Vols trip Cocks in OT

Same song, different key.

The South Carolina Gamecocks have given Tennessee's football team fits the past four years, yet each time the Vols made a big play at game's end to pull out the victory. Three years in a row the key was Casey Clausen. He hit Donte' Stallworth with a 23-yard pass on third-and-14 to extend the game-winning drive three years ago in Columbia. He hit Bobby Graham with a 32-yard strike on third-and-21 to fuel the game-winning drive two years ago in Knoxville. Then Clausen scored himself on a five-yard bootleg to provide the clinching fourth-quarter TD last season in Columbia.

This time, however, there was a new key ... James Banks.

Banks beat All-SEC cornerback Dunta Robinson on a fade route, then gathered in a four-yard toss from Clausen to provide the winning margin in overtime as the Vols nipped the Gamecocks 23-20 Saturday night at Neyland Stadium.

''It was a great throw,'' Vol head man Phillip Fulmer said, ''and an even better catch. James Banks is a playmaker.''

The game was tied at 17-all through four quarters. Tennessee's scores came on a nine-yard pass from Clausen to C.J. Fayton, a three-yard run by Cedric Houston and a 33-yard field goal by James Wilhoit. Carolina's points came on a one-yard run by Daccus Turman, a one-yard pass from Dondrial Pinkins to Hart Turner and a 37-yard field goal by Daniel Weaver.

Weaver booted another field goal, a 24-yarder, to give Carolina a 20-17 lead in overtime. After four Houston runs left Tennessee facing a third-and-goal at the Gamecock 4-yard line, the Vols needed a big play to win the game.
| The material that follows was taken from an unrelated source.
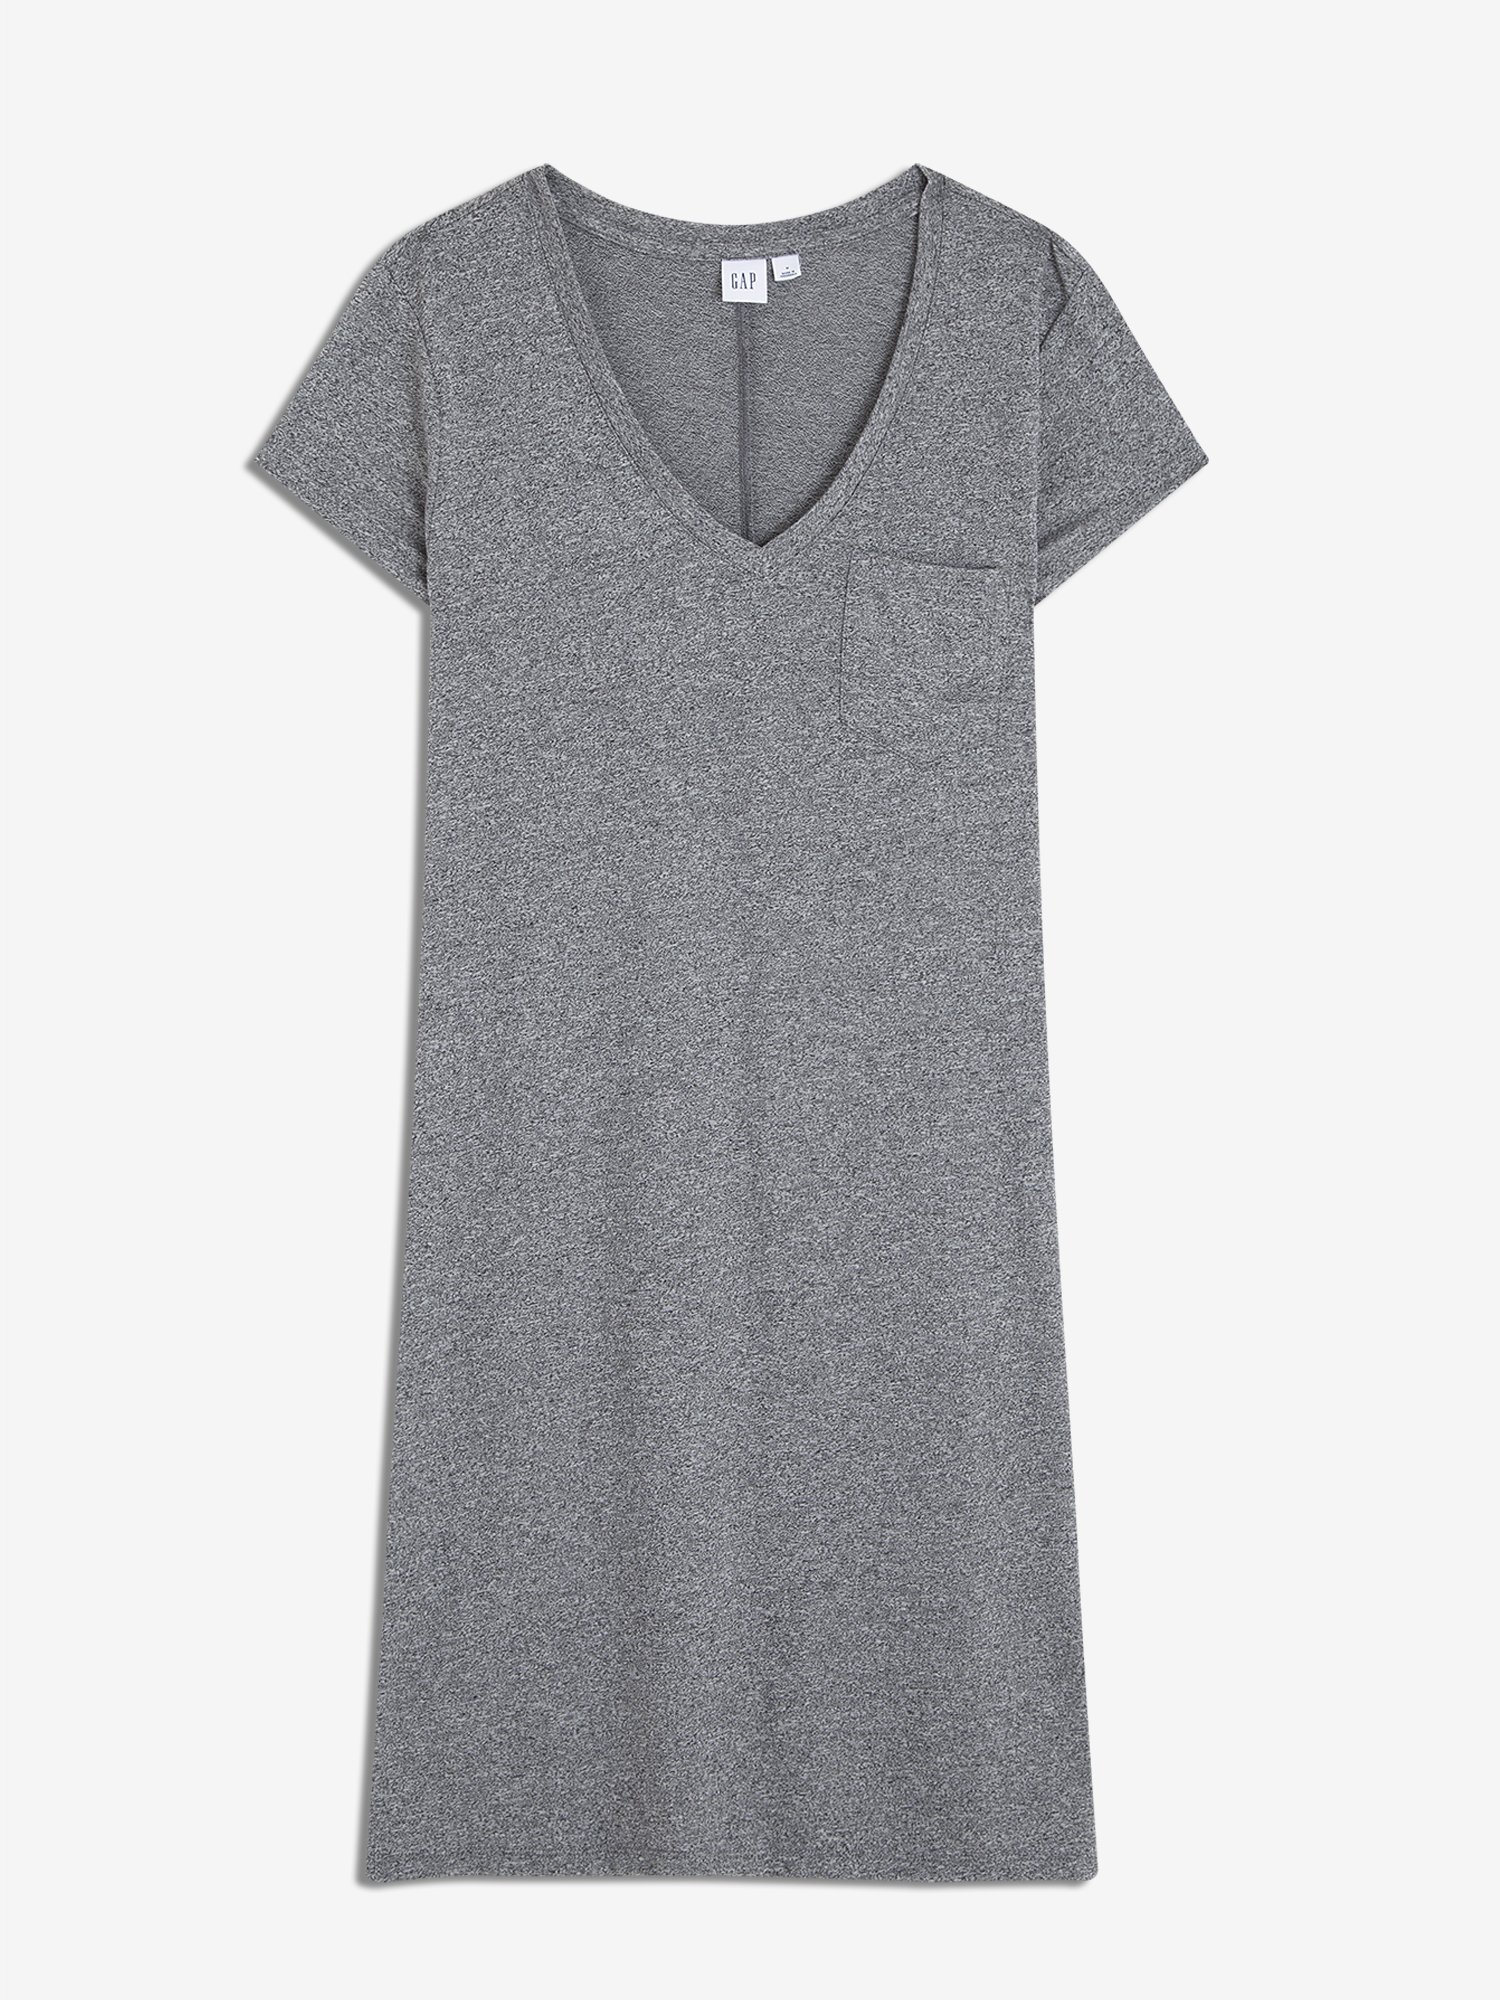 Kadın V-Yaka Cepli T-Shirt Elbise product image

They got one.

''I told James I was coming to him,'' Clausen said. ''Big players make big plays, and this was a big win for us.''

Banks said Houston's success running on the previous four plays made the touchdown pass easier to execute.

''Cedric Houston ran the ball down there. Because he was running the ball so well, I came around and told Casey, 'If it's one-on-one (coverage) over there, throw me the ball, man.' He looked at me and said, 'Here it comes.' ''

Fulmer noted that his team ''found a way to make the plays to win,'' but conceded that his team ''didn't do well at anything ... except the punting.''

Fortunately for the Vols, punter Dustin Colquitt had a career day, averaging 51.7 yards per kick and putting three punts inside the Carolina five-yard line.

''He certainly won the game tonight,'' Fulmer said, subsequently noting that, ''We had field position all night, and Carolina never did.''

Asked how he felt about losing every phase of the game except the punting, the Vol boss took exception to the comment.

''They (Gamecocks) didn't beat us in every phse but punting,'' he quipped. ''We had more points, so we won THAT phase.''

Carolina kept the game close thanks to freshman running back Demetris Summers, who shredded Tennessee's defense for 158 yards on 27 carries. Fulmer called Summers ''a very fine back'' but added that the Vols ''didn't tackle well.''

UT defensive end Constantin Ritzmann thought much of Summers' success could be attributed to South Carolina's scheming.

''It was the scheme; it wasn't only him,'' Ritzmann said. ''He did a good job running the ball but there were a lot of misdirection plays where they'd start him one way, then cut back to the other side. And we had some alignment problems. We'll do better next game.... This is not going to happen again.''

Clausen finished 13 of 22 passing for 149 yards and two touchdowns. Cedric Houston paced UT rishers with 86 yards on 24 carries. Banks caught three balls for 28 yards and a touchdown. C.J. Fayton caught a nine-yard touchdown pass and turned a lateral into a 15-yard gain. Tony Brown had two catches for 51 yards. James Wilhoit nailed a 33-yard field goal and put several kickoffs deep in the end zone for touchbacks.

Like Tennessee's offense, the Vol defense struggled all evening. Though statistically one of the SEC's weaker offenses, South Carolina shredded Tennessee for 371 yards, including 217 rushing yards. Dondrial Pinkins completed just 12 of 29 passes but included gains of 43, 29, 27 and 21 yards among his completions.

''The quarterback threw the ball exceptionally well,'' Fulmer noted. ''He's dangerous when he gets hot.''

Still, Tennessee's poor defensive play made Pinkins & Company look better than they probably are.

''Our defense was suspect,'' Fulmer conceded. ''We gave up too many big plays.''

Finally, the coach hinted that his team may have been emotionally drained by last weekend's big win at Florida.

''So much (of performing well) is being emotionally ready to play your best,'' he said. ''We may have left a little bit on the field last week.''

Indeed. Tennessee seemed a little bit flat all night. But when the fourth quarter came -- as always seems to be the case against South Carolina -- the Vols reached into their bag of tricks and came up with a big play.

It was the same old song, except with a different key.